Following from this we can potentially return from
xe_device_mem_access_get() with the device suspended or about to be,
leading to broken behaviour.
Attempt to fix this by always grabbing the runtime ref when our internal
ref transitions from 0 -> 1. The hard part is then dealing with the
runtime_pm callbacks also calling xe_device_mem_access_get() and
deadlocking, which the pm_runtime_suspended() check prevented.
v2:
- ct->lock looks to be primed with fs_reclaim, so holding that and then
allocating memory will cause lockdep to complain. Now that we
unconditionally grab the mem_access.lock around mem_access_{get,put}, we
need to change the ordering wrt to grabbing the ct->lock, since some of
the runtime_pm routines can allocate memory (or at least that's what
lockdep seems to suggest).
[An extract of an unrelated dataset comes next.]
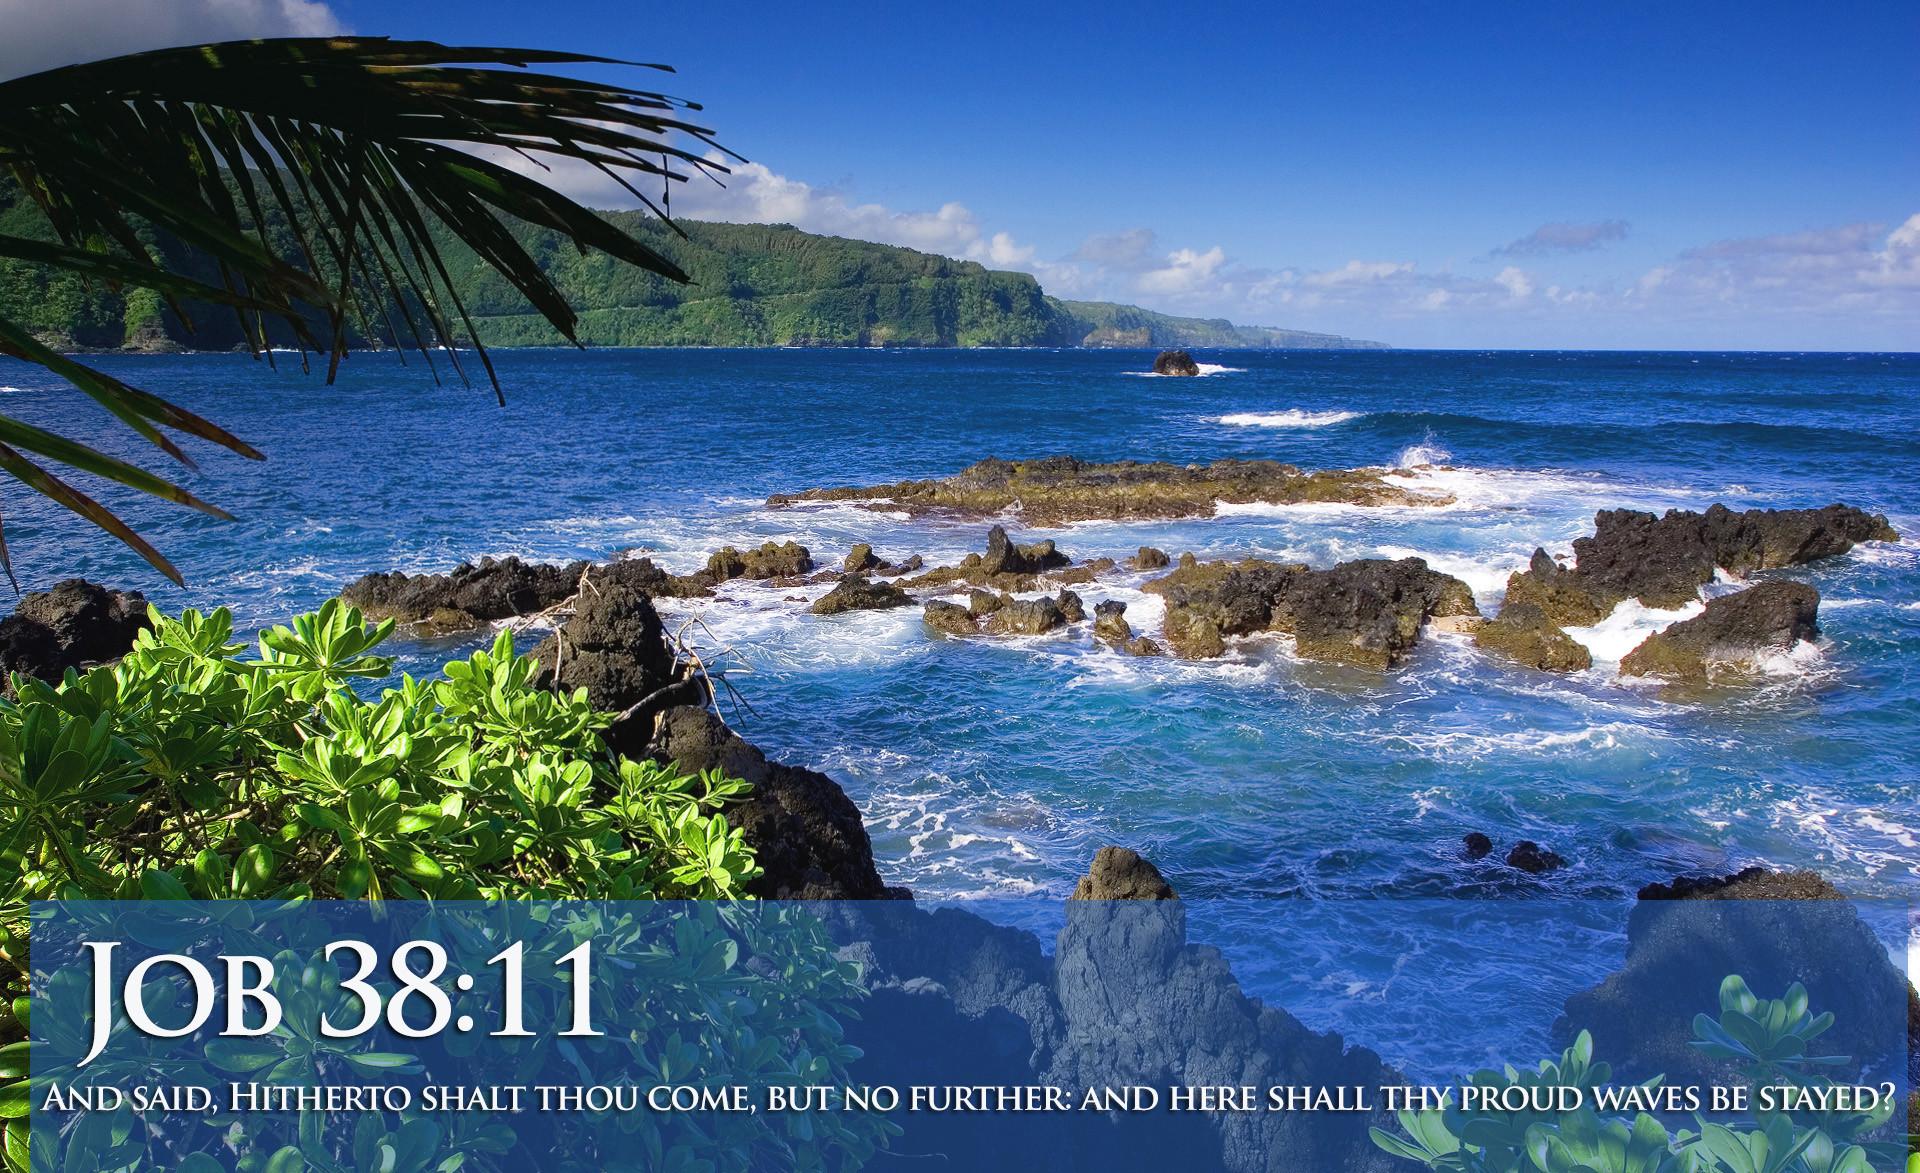 Job 38:11 Ocean View With Scripture HD Wallpaper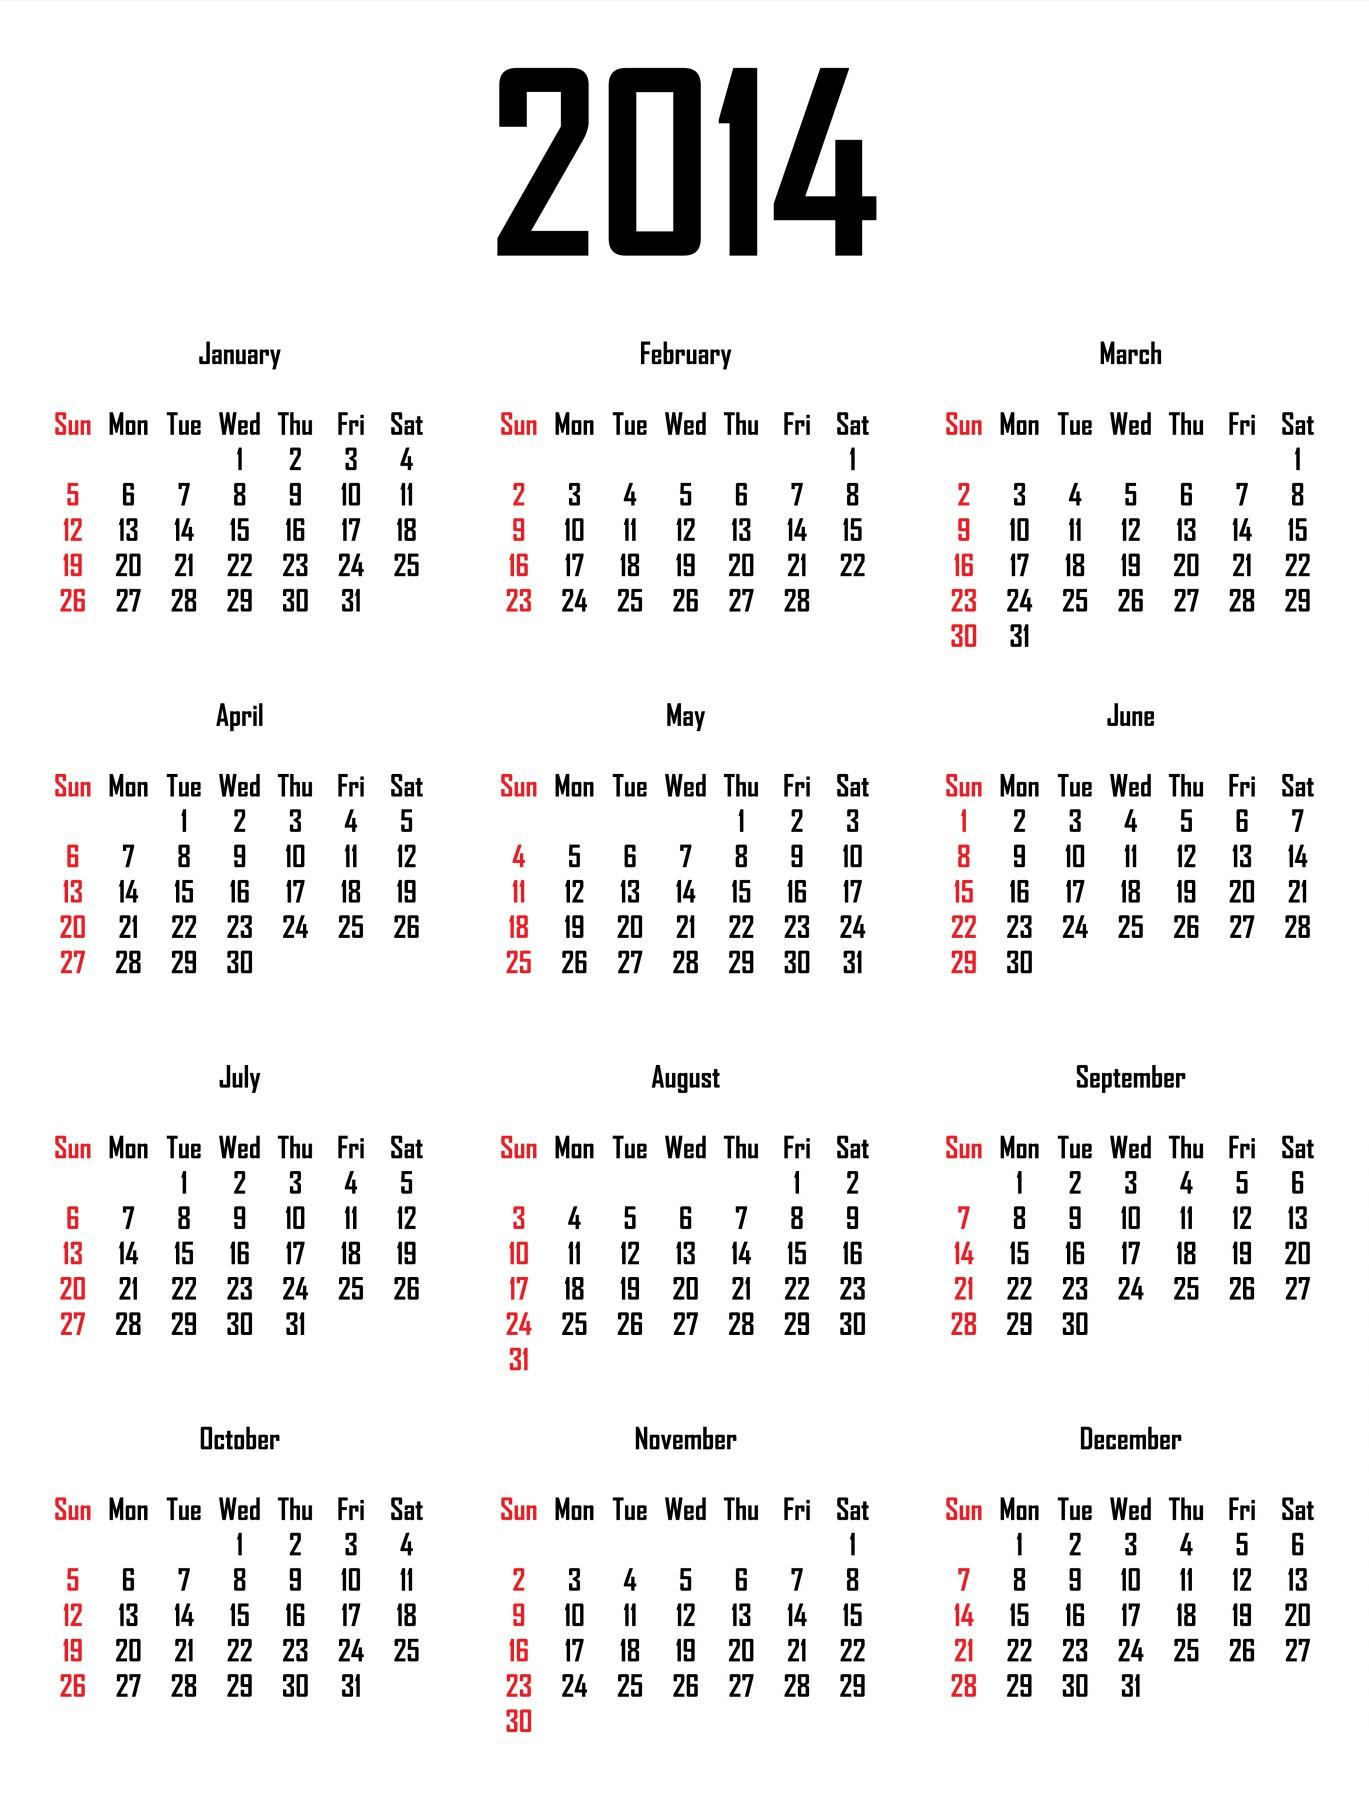 Wonderful 1 Year Experience Resume Format For Java Developer Thin 100 Day Glasses Template Regular 1096 Form Template 1099 Int Template Old 13b Porting Templates Bright20 Degree Angle Template Eleven] High Resolution 2014 Calendar \u2013 FREE Calendars \u2022 Elsoar

Hopefully not a big deal. It might be that
there were already issues with this, just that the atomics where
"hiding" the potential issues.
v3:
- Use Thomas Hellström' idea with tracking the active task that is
executing in the resume or suspend callback, in order to avoid
recursive resume/suspend calls deadlocking on itself.
- Split the ct->lock change.
v4:
- Add smb_mb() around accessing the pm_callback_task for extra safety.
(Thomas Hellström)
v5:
- Clarify the kernel-doc for the mem_access.lock, given that it is quite
strange in what it protects (data vs code). The real motivation is to
aid lockdep. (Rodrigo Vivi)
v6:
- Split out the lock change. We still want this as a lockdep aid but
only for the xe_device_mem_access_get() path. Sticking a lock on the
put() looks be a no-go, also the runtime_put() there is always async.
- Now that the lock is gone move to atomics and rely on the pm code
serialising multiple callers on the 0 -> 1 transition.
- g2h_worker_func() looks to be the next issue, given that
suspend-resume callbacks are using CT, so try to handle that.
v7:
- Add xe_device_mem_access_get_if_ongoing(), and use it in
g2h_worker_func().
v8 (Anshuman):
- Just always grab the rpm, instead of just on the 0 -> 1 transition,
which is a lot clearer and simplifies the code quite a bit.
v9:
- Make sure we also adjust the CT fast-path with if-active.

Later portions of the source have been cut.